Our traffic culture is damaging our health.

Over two million people have been killed or injured in UK traffic collisions over the last 10 years and 30,000 more are dying from lung and heart diseases caused by traffic pollution every year.

A Lancet study states that traffic pollution stunts lung development in young children.

One in five primary school kids is clinically obese, often due to fear of cycling to school because there are no cycle lanes.

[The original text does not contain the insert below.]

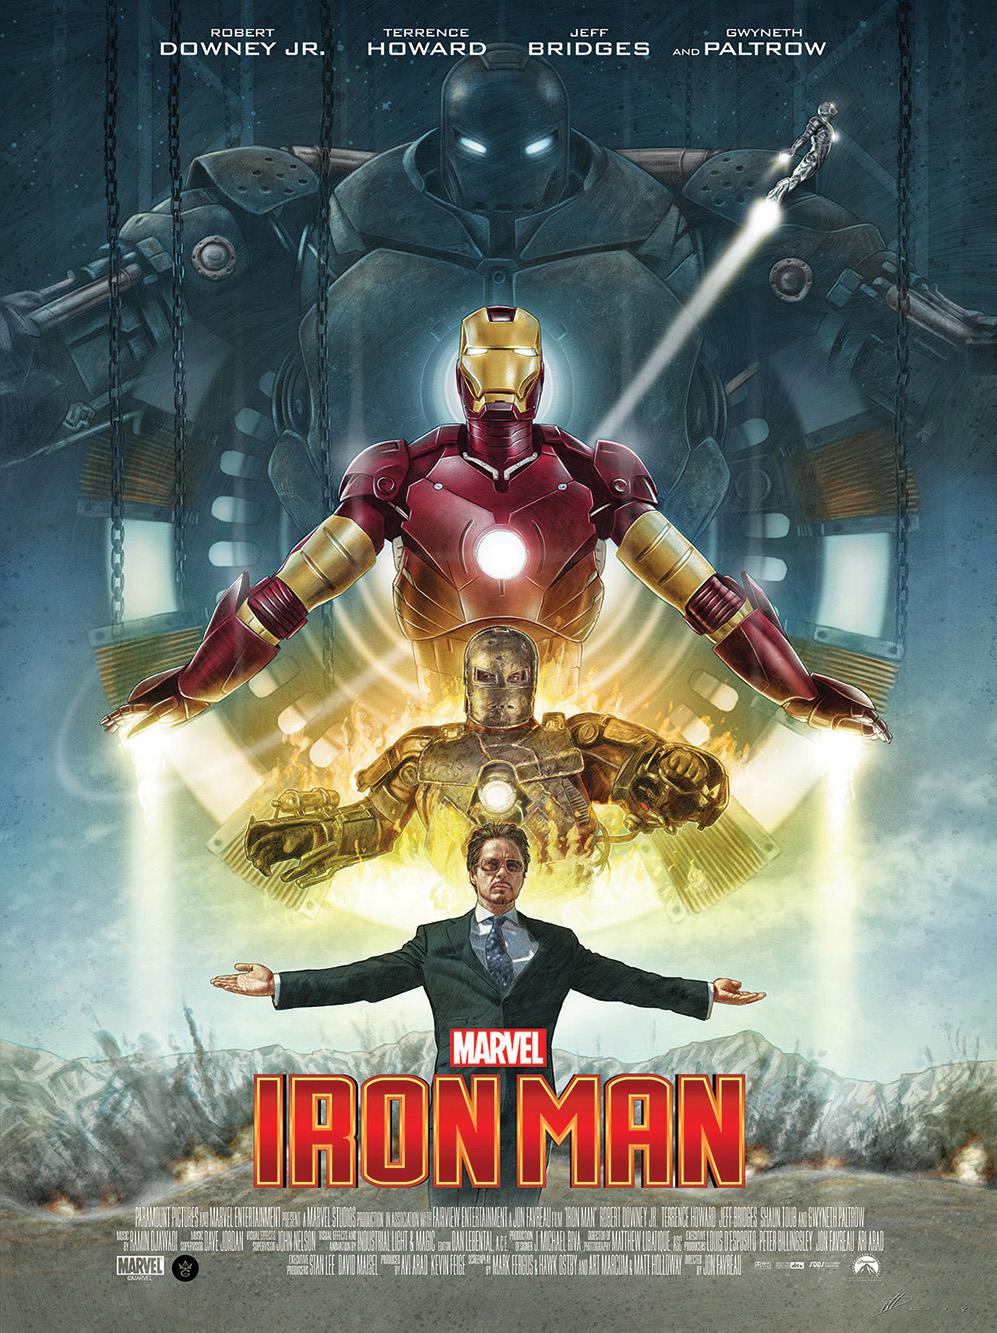 Iron Man 10th Anniversary alternative movie poster - PosterSpy

This fear is well-founded since, according to Child Alert, every 10 minutes sees a child killed or seriously injured on our roads.

The Stop the Killing coalition, in partnership with Stop Killing Cyclists, is organising a major protest on November 15 in London.

It is called The National Funeral of the Unknown Victim of Traffic Violence.

It will assemble at noon in Bedford Square and follow a symbolic hearse down London's Oxford Street, culminating in the UK’s largest ever ‘die-in’ under Marble Arch.

The protest’s list of 10 demands can be seen on the website www.stopthekilling.org.uk.

They include ‘home zones’ to make streets safer for children, longer pedestrian crossing timings, lower residential speed limits, elimination of pollution and a national cycling network fit for ages eight to 80 and for parents with babies.

You can sign up for the event on the Facebook page, National Funeral for the Unknown Victim of Traffic Violence.

To add your local group to those supporting the event, email contact@stopthekilling.org.uk.

This protest is a grassroots clarion call to end traffic’s carnage and environmental destruction and make our roads fit for humans. Please be there.

Ann Williams, Gordon Road, Wanstead.